Another rattling breath. “Leave this world … a better place than how you found it.”

And as its chest rose and stopped altogether, as its breath escaped in one last sigh, I understood why the Suriel had come to help me, again and again. Not just for kindness … but because it was a dreamer.

And it was the heart of a dreamer that had ceased beating inside that monstrous chest.

Its sudden silence echoed into my own.

I laid my head on its chest, on that now-silent vault of bone, and wept.

I wept and wept, until there was a strong hand at my shoulder.

I didn’t know the scent, the feel of that hand. But I knew the voice as Helion said softly to me, “Come, Feyre. It is not safe here. Come.”

I lifted my head. Helion was there, features grim, his brown skin ashen.

“I can’t leave it here like this,” I said, refusing to let go of its hand. I didn’t care how Helion had found me. Why he’d found me.

He looked to the fallen creature, mouth tightening. “I’ll take care of it.”

Burn it—with the power of the sun.

I let him help me to my feet. Let him extend a hand toward that body—

“Wait.”

Helion obeyed.

“Give me your cloak. Please.”

Brows narrowing, Helion unfastened the rich crimson cloak pinned at each shoulder.

I didn’t bother to explain as I covered the Suriel’s body with the fine fabric. Far finer than the hateful rags Ianthe had given it. I tucked the High Lord’s cloak gently around its broad shoulders, its bony arms.

“Thank you,” I said one last time to the Suriel, and stepped away.

Helion’s flame was a pure, blinding white.

It burned the Suriel into ashes within a heartbeat.

“Come,” Helion said again, extending a hand. “Let’s get you to the camp.”

It was the kindness in his voice that cracked my chest. But I took Helion’s hand.

As warm light whisked us away, I could have sworn that the pile of ashes was stirred by a phantom wind.

CHAPTER

61

Helion winnowed me into the camp. Right into Rhys’s war-tent.

My mate was pale. Blood-splattered and filthy, from his skin to his armor to his hair.

I opened my mouth—to ask how the battle had gone, to say what had happened, I don’t know.

But Rhys just reached for me, folding me into his chest.

And at the smell and warmth and solidity of him … I began weeping again.

I didn’t know who was in the tent. Who had survived the battle. But they all left.

Left, while my mate held me, rocking me gently, as I cried and cried.

He only told me what had happened when my tears had quieted.
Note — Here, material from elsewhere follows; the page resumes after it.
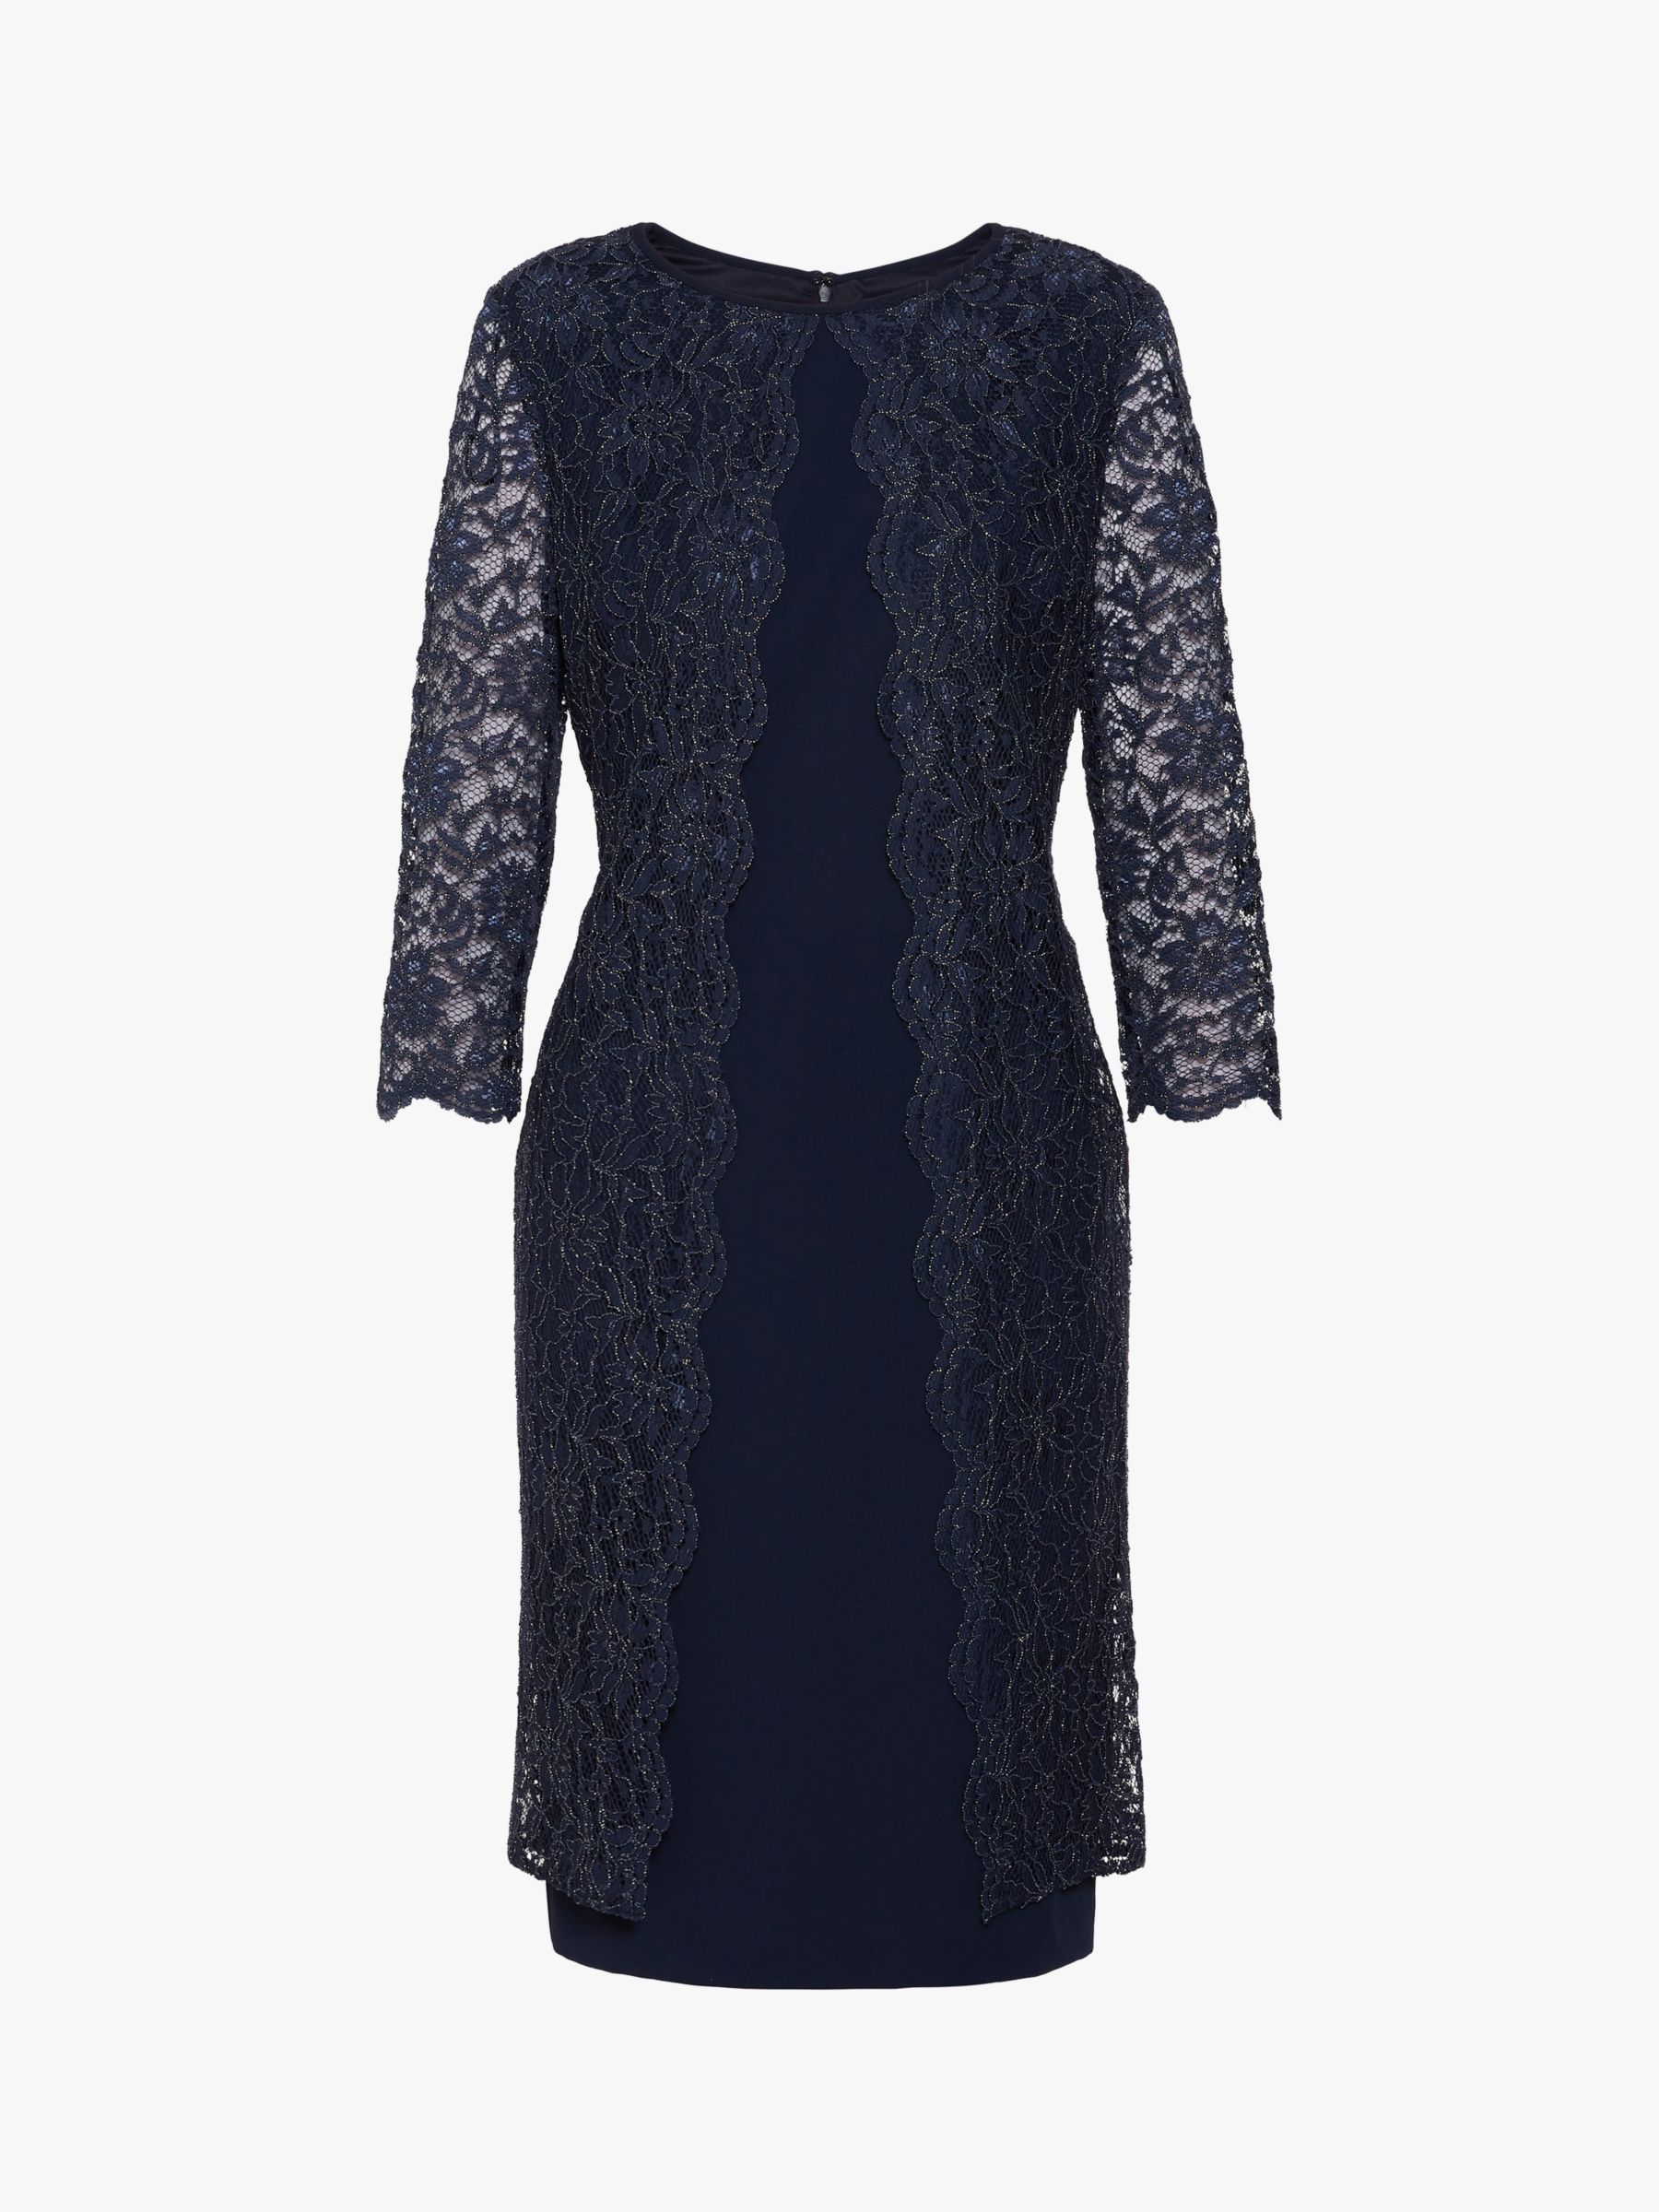 Gina Bacconi Dailyn Floral Lace Dress, Spring Navy at John Lewis & Partners

When he’d washed the Suriel’s black blood from my hands, my face.

I was out of the tent a heartbeat later, charging through the mud, dodging exhausted and weary soldiers. Rhys was a step behind me, but said nothing as I shoved through flaps of another tent and took stock of what and who was before me.
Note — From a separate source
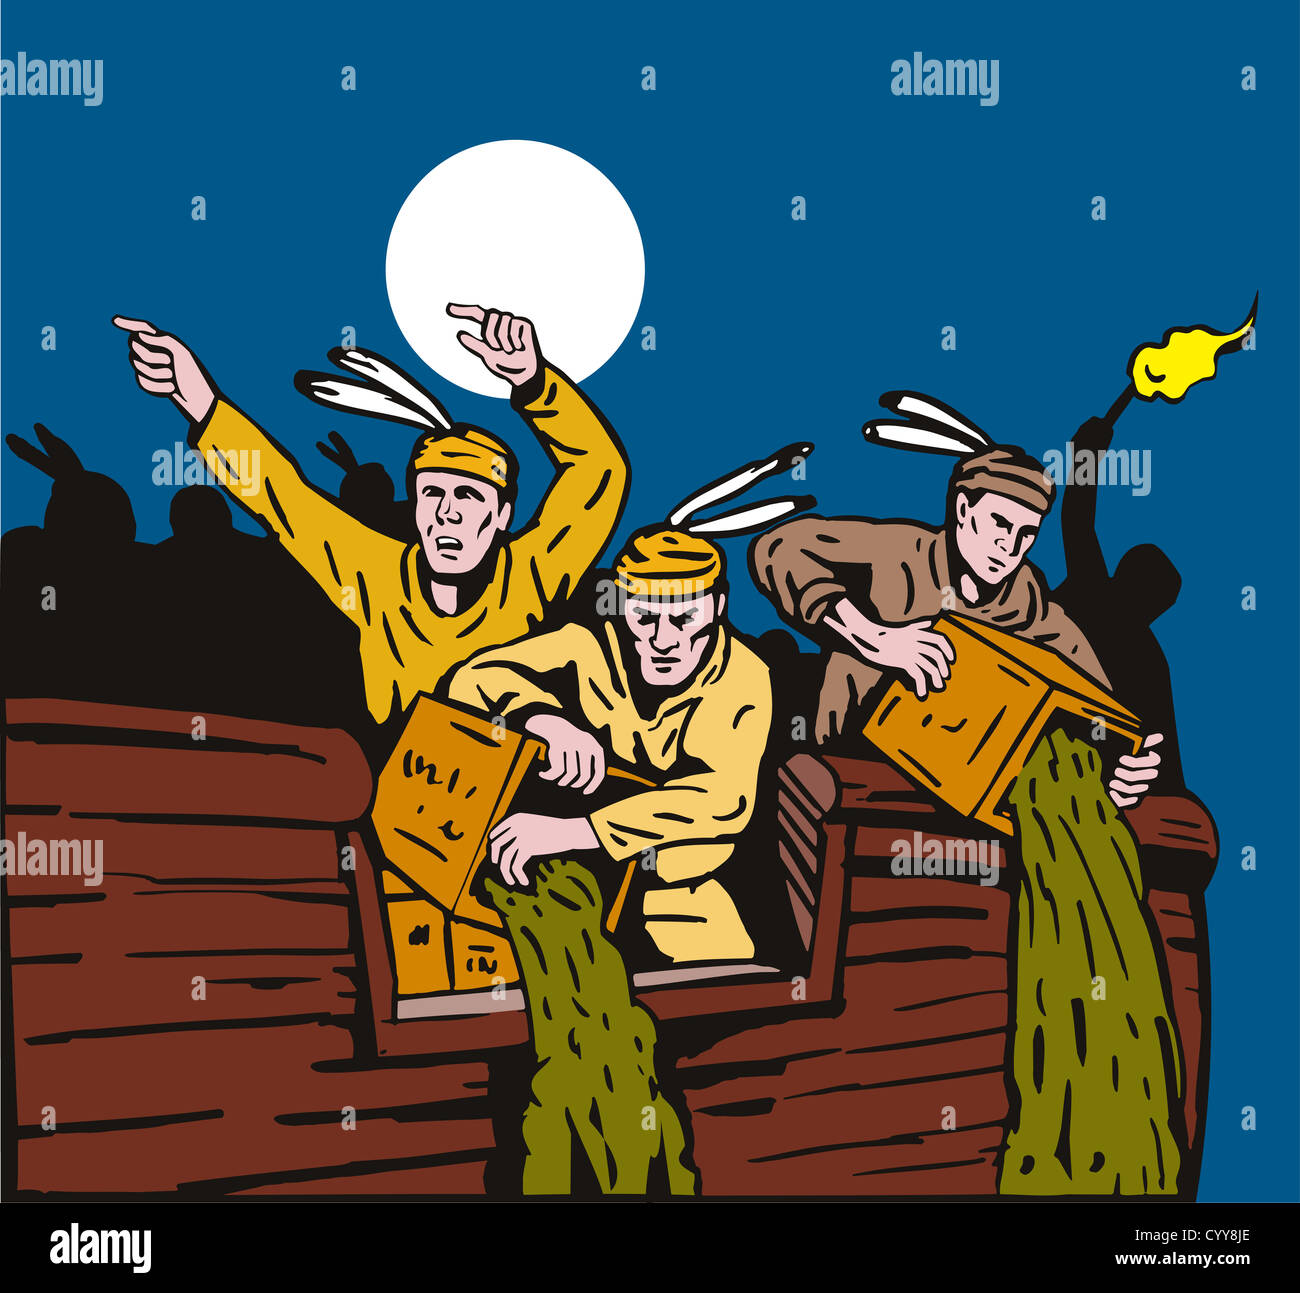 Illustration of the Boston tea party showing American patriots dressed as Native American indians throwing crates of tea overboard the ship. Stock Photo

Mor and Azriel were standing before the cot, monitoring every move the healer sitting beside it made.

As she held her glowing hands over Cassian.

I understood then—the quiet Cassian had once mentioned to me.
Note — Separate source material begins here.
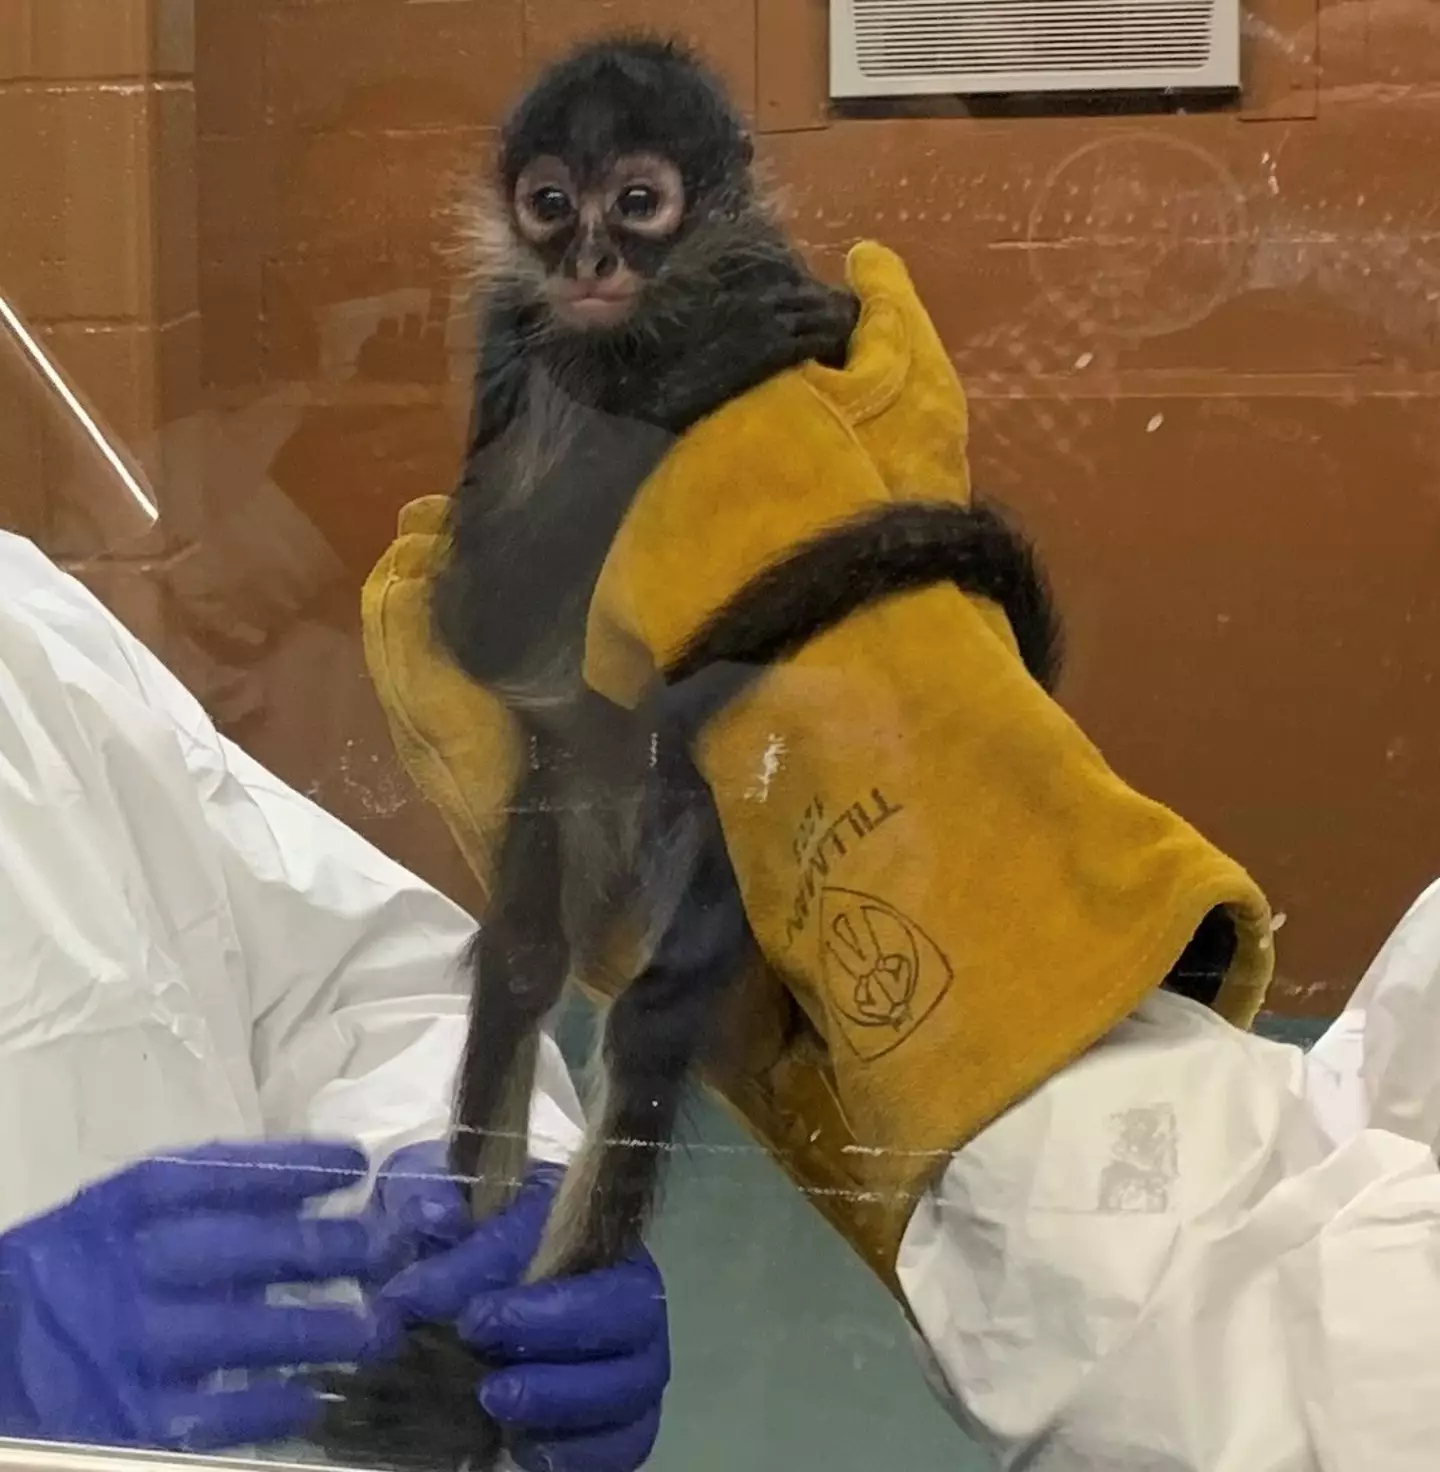 The endangered spider monkey was rescued and sent to an animal shelter.

It was now in my head as I looked at his muddy, pained face—pained, even in unconsciousness. As I heard his labored, wet breathing.

As I beheld the slice curving up from his navel to the bottom of his sternum. The split flesh. The blood—mostly just a trickle.

I swayed—only for Rhys to grip me beneath the elbows.

The healer didn’t turn to look at me as her brow bunched in concentration, hands flaring with white light. Beneath them—slowly, the lips of the wound reached toward each other.

If it was this bad now—

“How,” I rasped. Rhys had told me three things a moment ago:

We’d won—barely. Tarquin had again decided what to do with any survivors. And Cassian had been gravely injured.